The human liver represents a heterogeneous, but well-defined tissue where the cell population is dominated by hepatocytes. Other major cell types present in the liver are non-parenchymal cells such as e.g. hepatic stellate cells and liver sinusoidal endothelial cells18. Previous studies investigating transcriptomes of single nuclei obtained from the same specific liver sample used herein identified hepatocytes followed by hepatic stellate cells and endothelial cells as the most common cell populations in the sample17,19. When applying the Epiclomal Region clustering method to the 273 liver nuclei, we observed two major clusters/cell populations (Fig. 3B). Nearly identical cluster assignments were obtained irrespective of whether Epiclomal Region was applied with methylation values across CpG-islands, gene bodies or TSS regions (Supplementary Data S2). Importantly, nuclei derived from different batches and pools were evenly distributed throughout the clusters implying little batch effect (Supplementary Fig. S3).
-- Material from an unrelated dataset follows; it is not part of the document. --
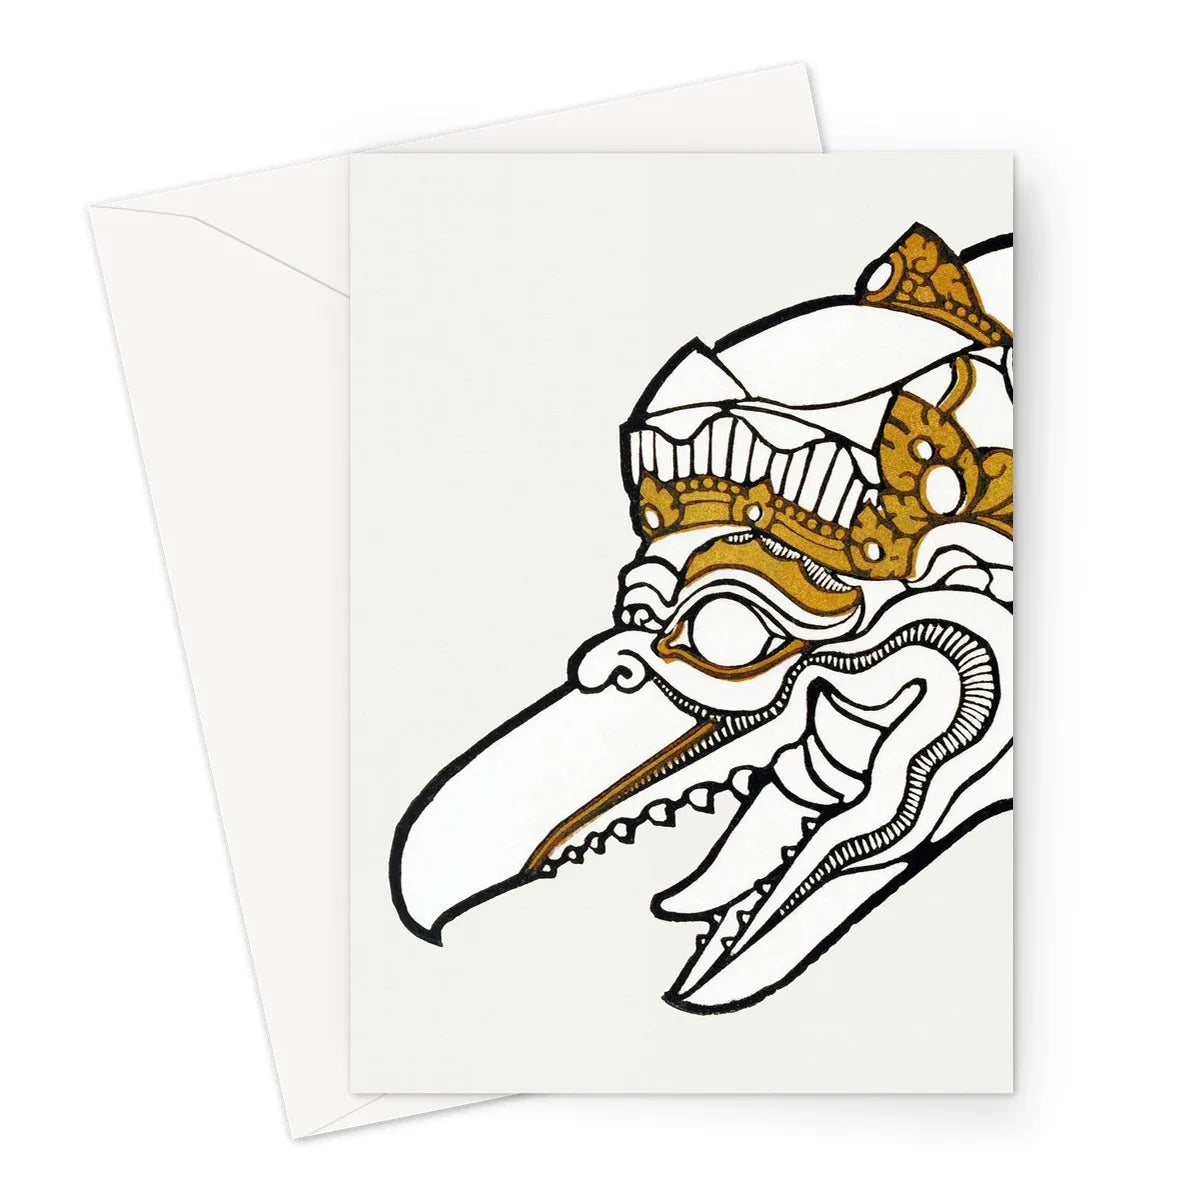 Head Of Garuda - Reijer Stolk Graphic Art Greeting Card - A5 Portrait / 1 Card - Greeting & Note Cards - Aesthetic Art

For certain cell types, e.g. neurons, there is a relatively well-defined association between gene activity and CH-context methylation in gene bodies20,21. However, for most other cell-types, gene body methylation in CH-context is very low and the relationship between CpG-methylation and gene activity is typically less clear, posing challenges to classification of cell-types based on marker-gene associated DNA methylation. Nevertheless, we attempted to cell-type label the two clusters. First, we pooled the methylation information from nuclei cluster-wise and then performed differential methylation analysis across the two merged data sets. Differentially methylated regions (DMRs) were defined as comprising at least 10 CpG sites and having an absolute difference in mean methylation > 0.6 between cluster 1 and 2. The DMRs were annotated to genomic regions and to the nearest gene (Supplementary Data S3). This resulted in a total of 5114 DMRs. The majority of DMRs were in introns or intergenic regions, 349 were located in annotated promoters and 1,246 were found within + /− 2000 bp of a transcription start site (TSS). The number of annotated ‘nearest genes’ (hereafter denoted DMR-genes) were 3779, and 901 of the DMR-genes were annotated to two or more DMRs. A subset of the DMR-genes with cluster specific hypomethylated DMRs in or near promoters are shown in Fig. 4B.

Figure 4
figure 4

Cluster specific gene ontology pathway analysis. (A) Result from gene ontology pathway analysis. Genes associated with a hypomethylated DMR in cluster 1 or cluster 2 and located in a promoter and/or TSS region, were used as input for GO pathway analysis. The most significant biological pathways found for cluster 1 and cluster 2, respectively are shown. Metabolic pathways were identified in cluster 2, indicating hepatocytes (HCs). For cluster 1 the identified GO pathways did not reveal a specific cell type (B) A subset of the genes with DMRs in promoter regions. The DNA methylation status of the DMRs in each respective cluster are shown (low methylation = blue, high methylation = red).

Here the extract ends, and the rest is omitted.